It's
interesting how Ulysses arguably took the novel to its formal and experimental
end in 1921, and now nearly 100 years later we've mostly returned to the
Victorian era of narrative linearity. (Nothing wrong with that.) The '20s was
one helluva radical decade from the future jazz, talkies in cinema, stream of
consciousness, Freud, Einstein, serialism in music, Eliot and Pound! --
Unreal. Now, in 2019, retrograde rap, gaming, superhero movies and
remakes, gangster novels in a Low Fantasy milieu run the show. Maybe many
people prefer something that is timelessly good rather than worrying about
experimentalism and modernity or their absence. Of course that opens a can of
worms as to what “good” would mean. Isn't the 'great' novel a manifestation of serious
society of serious people striving to shine a light on humanity's absurdities
and possibilities? We're not a serious society anymore in the industrial
'West'; just an ant hill living on the bounty of an overturned lorry. Stacks of
bound paper between two cardboard covers maybe selling like Billie Burgers;
does that mean the fantasy novel is dead? Maybe it’s its high counterpart that
needs saving.
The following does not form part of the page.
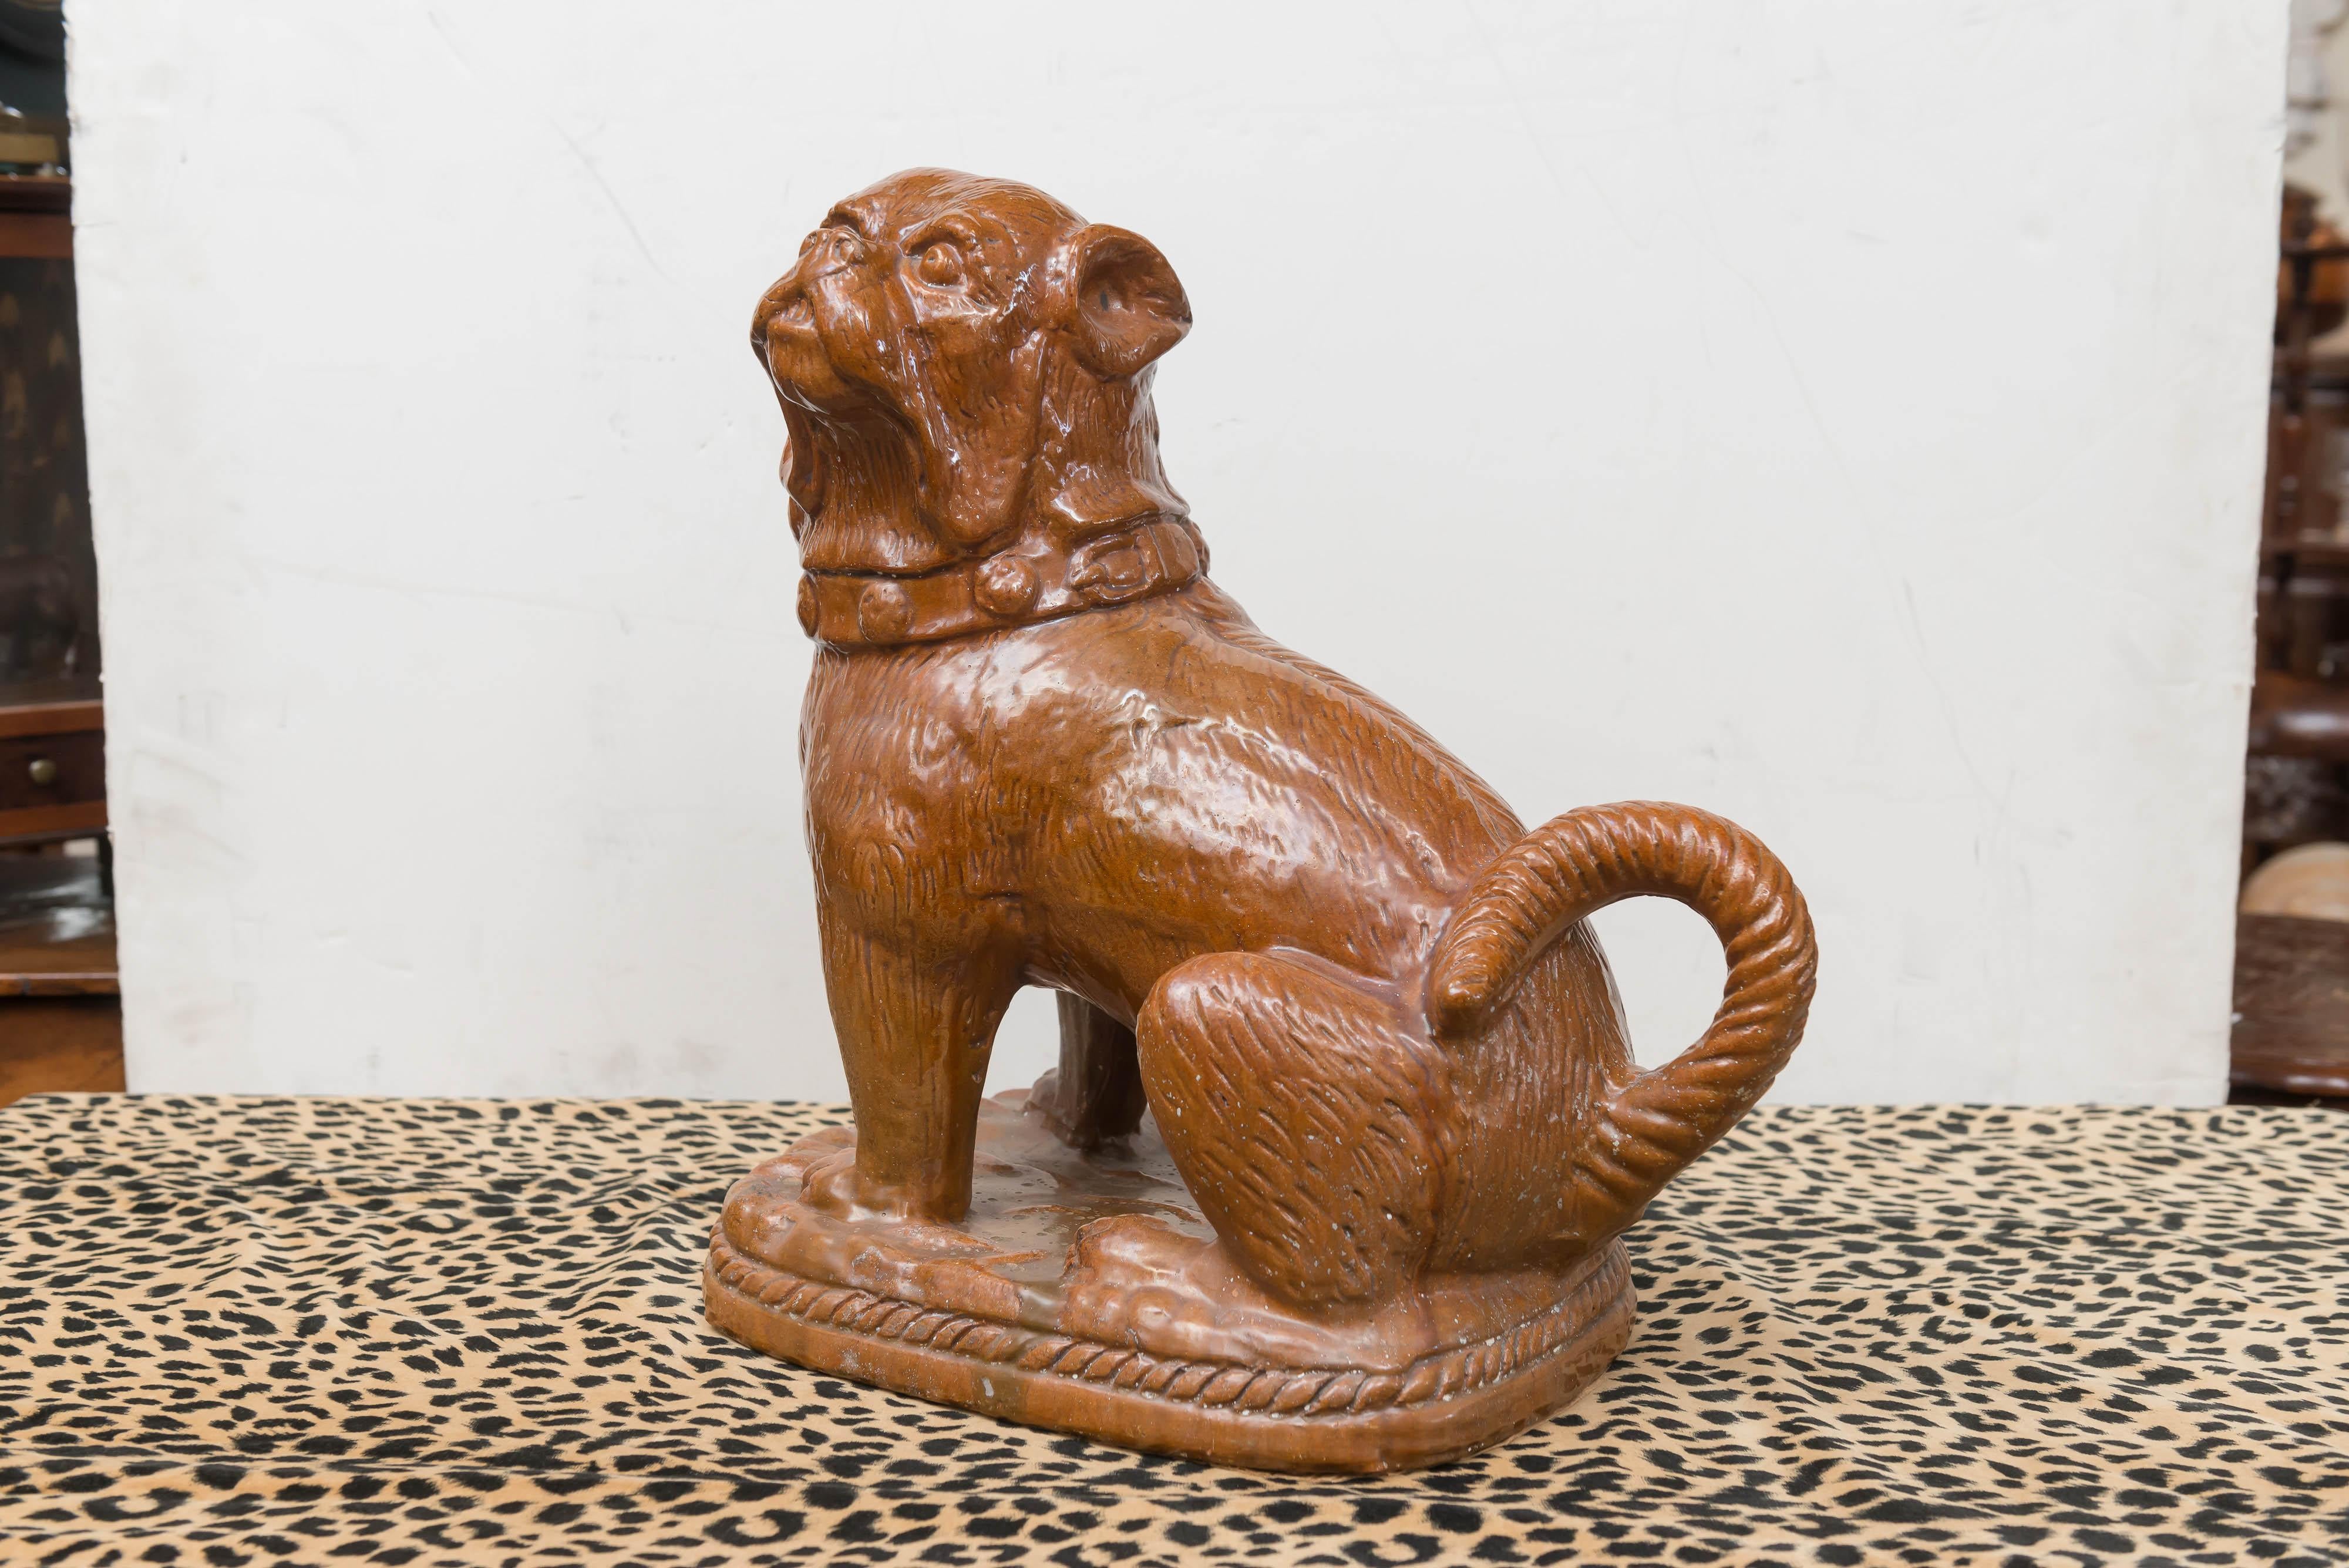 Folk Art Late 19th Century German Pug Dog, Heavy Terracotta with Brown Carmel Color Glaze For Sale

While we frequently hear about motivation (e.g., Kurt Vonnegut
said a character should at least be motivated to drink a glass of water),
reading this novel, one should wonder on how a lot of High Fantasy these days badly
need an active protagonist not plot-driven, i.e., one whom things just not happen
to. As usual we never get inside Vaelin's head, his psychology, and his
thoughts. He's just blank.
Better
than the awful “Blood Song”. Maybe Ryan one day will give us something.